A starch shop … starch shop.
Either she screamed
No!
at the woman or just thought she did. Some kind of sound like a shriek echoed, echoed, trapped in her head, trapped in a big attic. She gripped her laced fingers tighter as if she were praying. But she wasn’t. She was just trying to make all the grief and horror stop.
Wending her way through the women with their linens, she turned away and started out of the busy field. Her shadow was long now, as if someone dark followed her. She didn’t feel her feet. It was almost as if she floated, as if she had to swim through a thick, white haze. She gazed one last time at the high, open window, then forced her feet at a quicker pace away.

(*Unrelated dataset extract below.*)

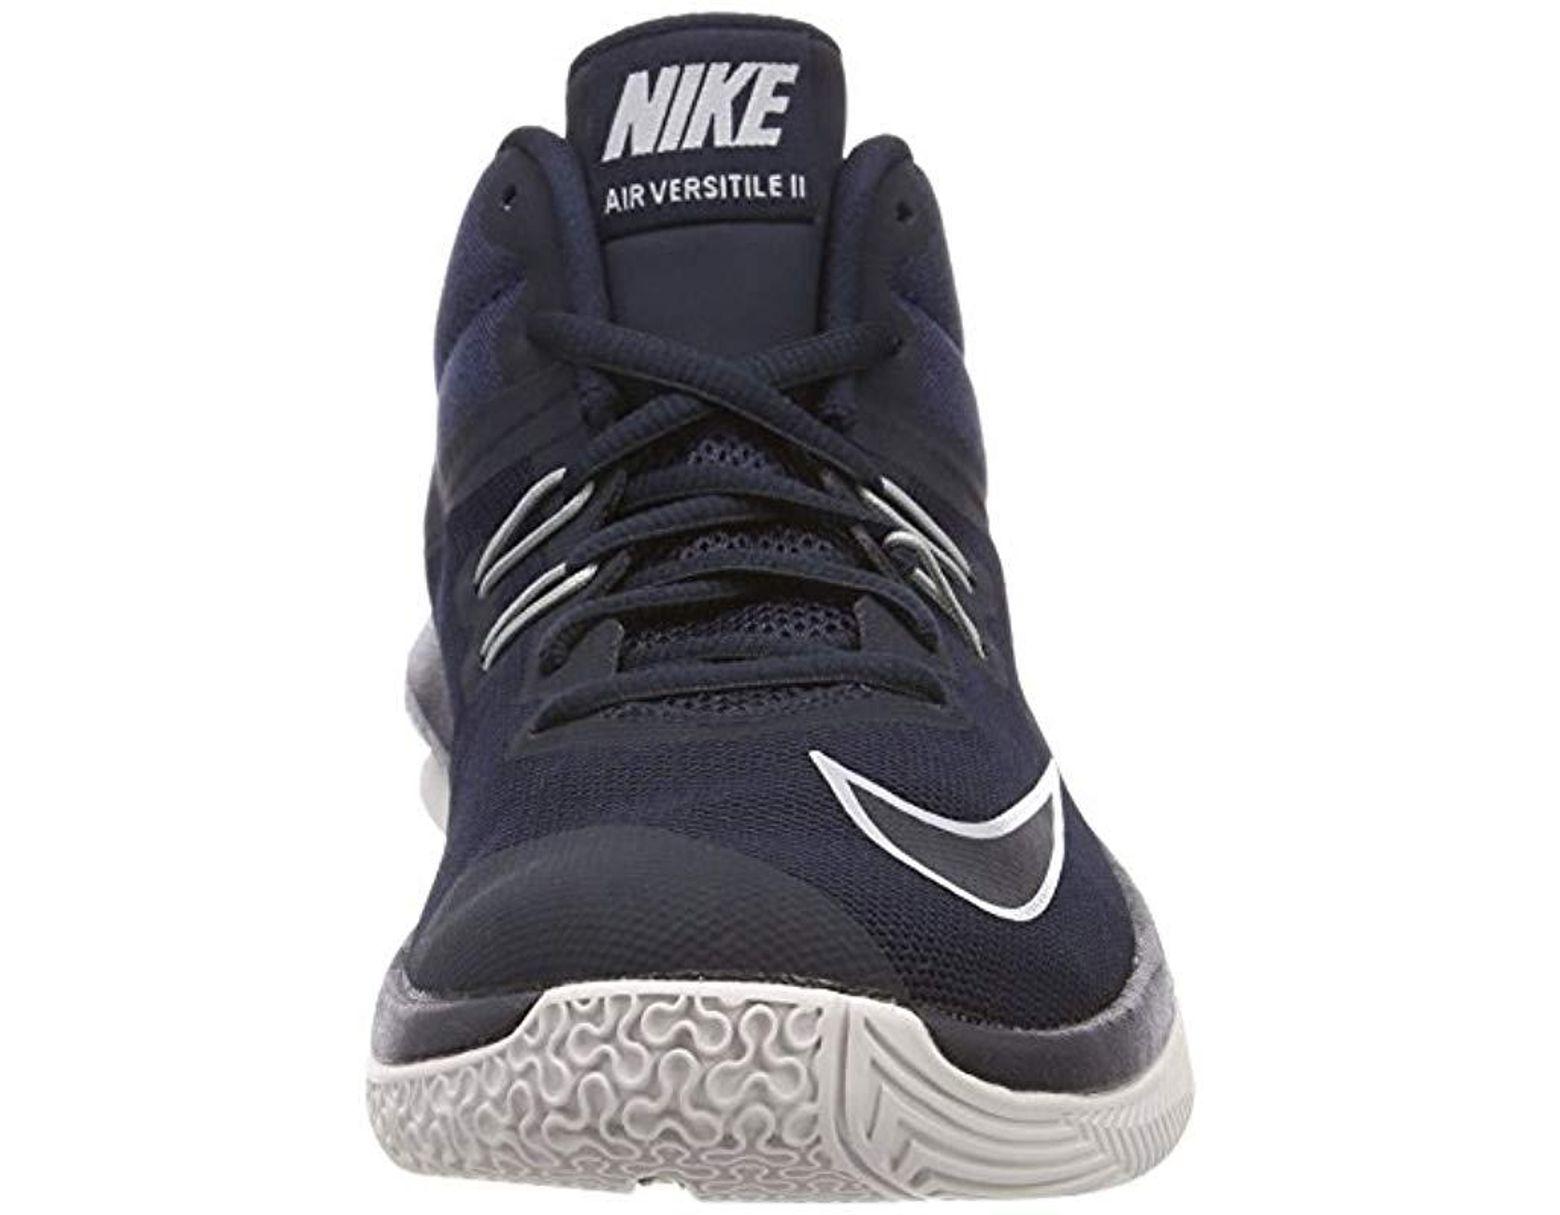 f080b148dbdc8 Men's Gray Air Versitile Ii Basketball Shoes

“You sent for the Reverend Hosea Cantwell, Your Majesty?” Cecil asked as he came in with a stack of bills and grants for her to sign. “He’s been put in the corridor anteroom to await you and seems mad as a wet hen—a dour Puritan one.”
The queen stopped walking so fast her skirts swayed. She’d been pacing, waiting for word about the body in the starch vat. Cecil knew naught of that yet, though he’d been a key member of her Privy Plot Council. Over the last eight years, a small group of trusted friends and servants had helped her solve several murders that had struck close to the crown.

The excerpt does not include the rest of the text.